Bedelsiz sermaye artırımı, şirketlerin sermaye yapısını güçlendirmek ve mevcut hissedarların sahip olduğu hisselerin toplam sermaye içerisindeki oranını değiştirmeden artırmak amacıyla gerçekleştirdiği bir yöntemdir. Bu uygulama, şirketin mevcut kaynaklarını kullanarak yeni hisse senetleri oluşturması ve bu hisseleri mevcut ortaklara ücretsiz olarak dağıtması esasına dayanır. Yatırımcılar ve şirketler açısından farklı avantajlar ve sonuçlar doğurur.
Bedelsiz Sermaye Artırımı Nedir?
Şirketlerin mevcut öz kaynaklarını kullanarak sermayesini artırdığı bir finansal işlemdir. Bu işlemde yeni kaynak yaratılmaz; bunun yerine, şirketin geçmiş yıllarda elde ettiği kârlar, yedek akçeler veya diğer öz sermaye kalemleri sermayeye eklenir. Bu tür artırımlarda hissedarlardan herhangi bir bedel talep edilmez.
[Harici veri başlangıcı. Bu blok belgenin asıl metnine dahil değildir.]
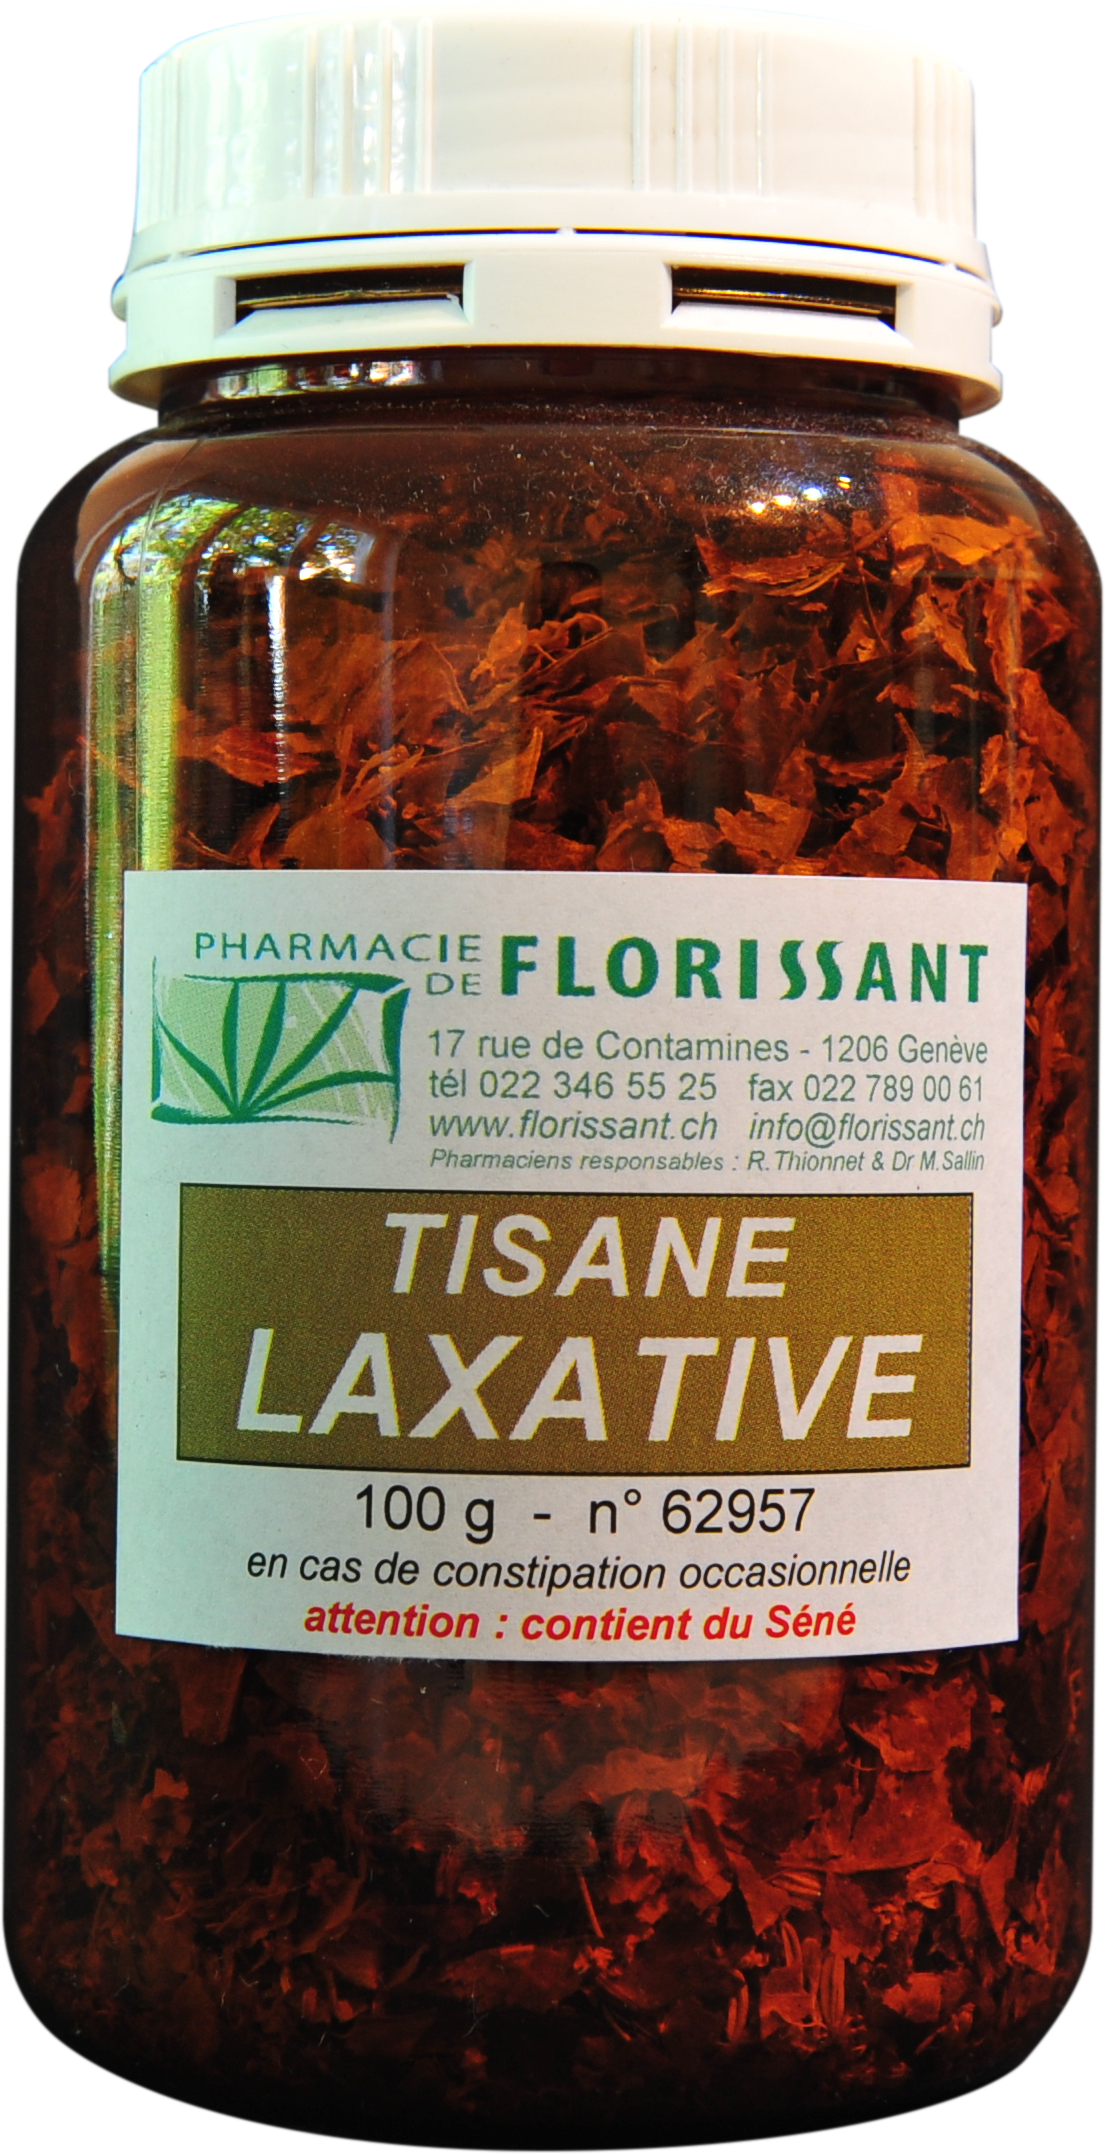 Tisane dépurative légèrement laxative – Pharmacie Parvais
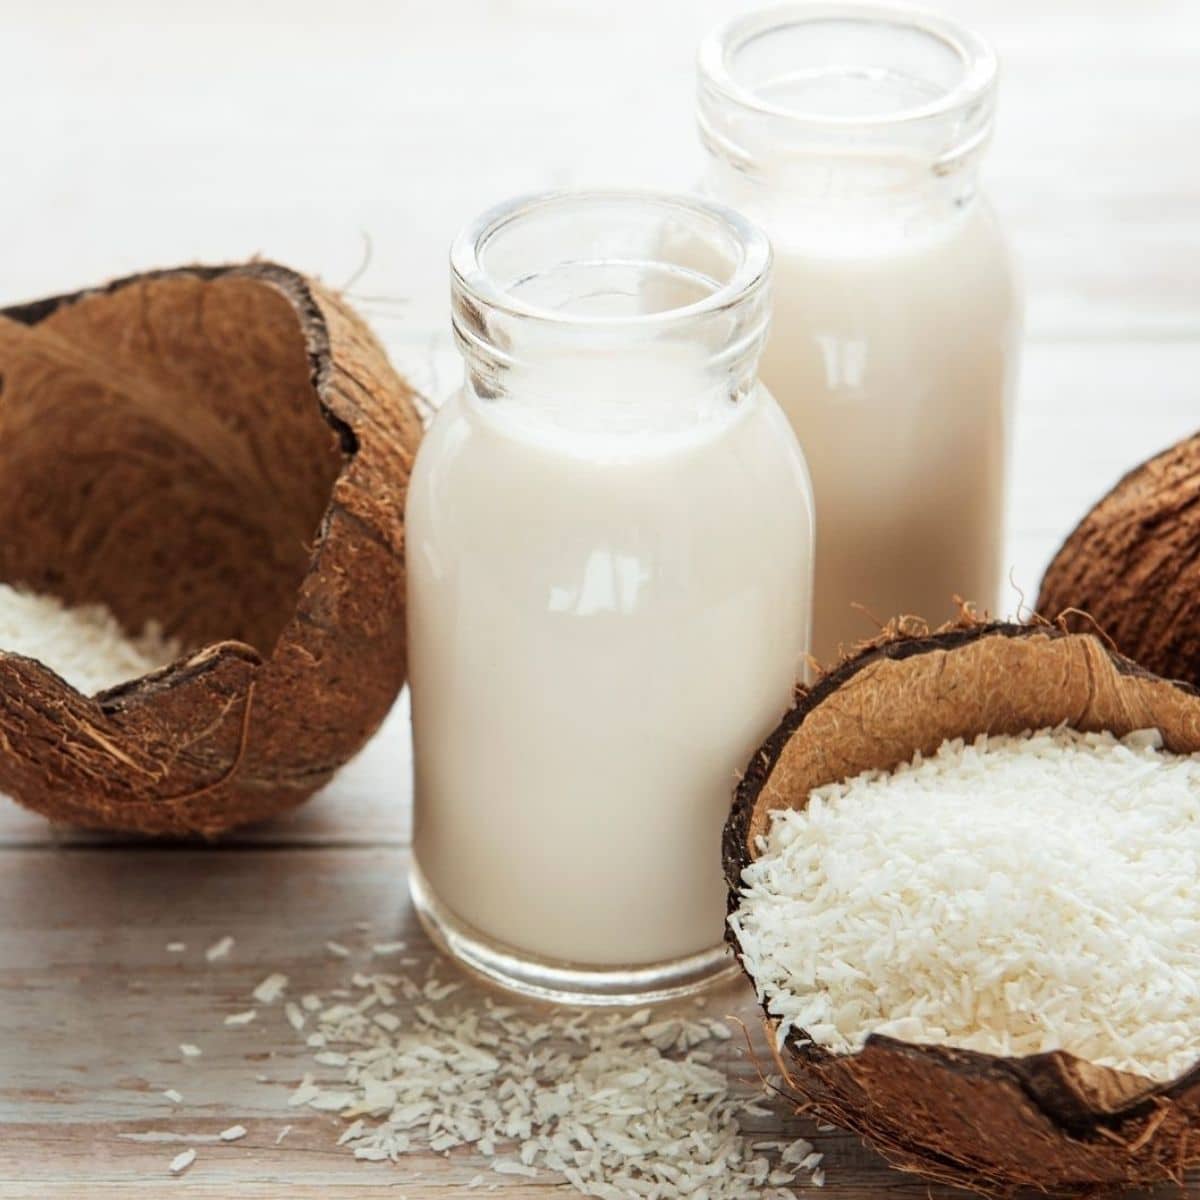 あらゆる料理やベーキングレシピで使用するのに最適なココナッツミルク代替品。

Bedelsiz sermaye artırımı yapılırken şirket, mevcut hissedarlarına yeni hisseler verir. Örneğin, 1:1 oranında bir bedelsiz sermaye artırımı yapılırsa, her bir hissedar, sahip olduğu her hisse için bir adet yeni hisse alır. Böylece, toplam hisse adedi artarken hissedarların şirketteki sahiplik oranı değişmez.
Sistem Nasıl İşler?
Bedelsiz sermaye artırımı süreci şu adımlarla işler:
1. Yönetim Kurulu Kararı
Şirketin yönetim kurulu, bedelsiz sermaye artırımı yapma kararını alır. Bu karar, genellikle şirketin sermayesini güçlendirmek, hisse senedi fiyatını daha cazip bir seviyeye getirmek veya yatırımcı ilgisini artırmak amacıyla alınır.
2. Kaynak Belirleme
Şirket, bedelsiz sermaye artırımı için kullanılacak kaynağı belirler. Bu kaynaklar genellikle aşağıdaki kalemlerden seçilir:
- Geçmiş yıl kârları: Şirketin geçmiş yıllarda elde ettiği ve dağıtılmamış kârlar.
- Emisyon primleri: Şirketin hisse senetlerini nominal değerinin üzerinde sattığı durumlarda elde edilen fark.
- Yedek akçeler: Şirketin çeşitli amaçlarla ayırdığı ve kullanıma hazır olan fonlar.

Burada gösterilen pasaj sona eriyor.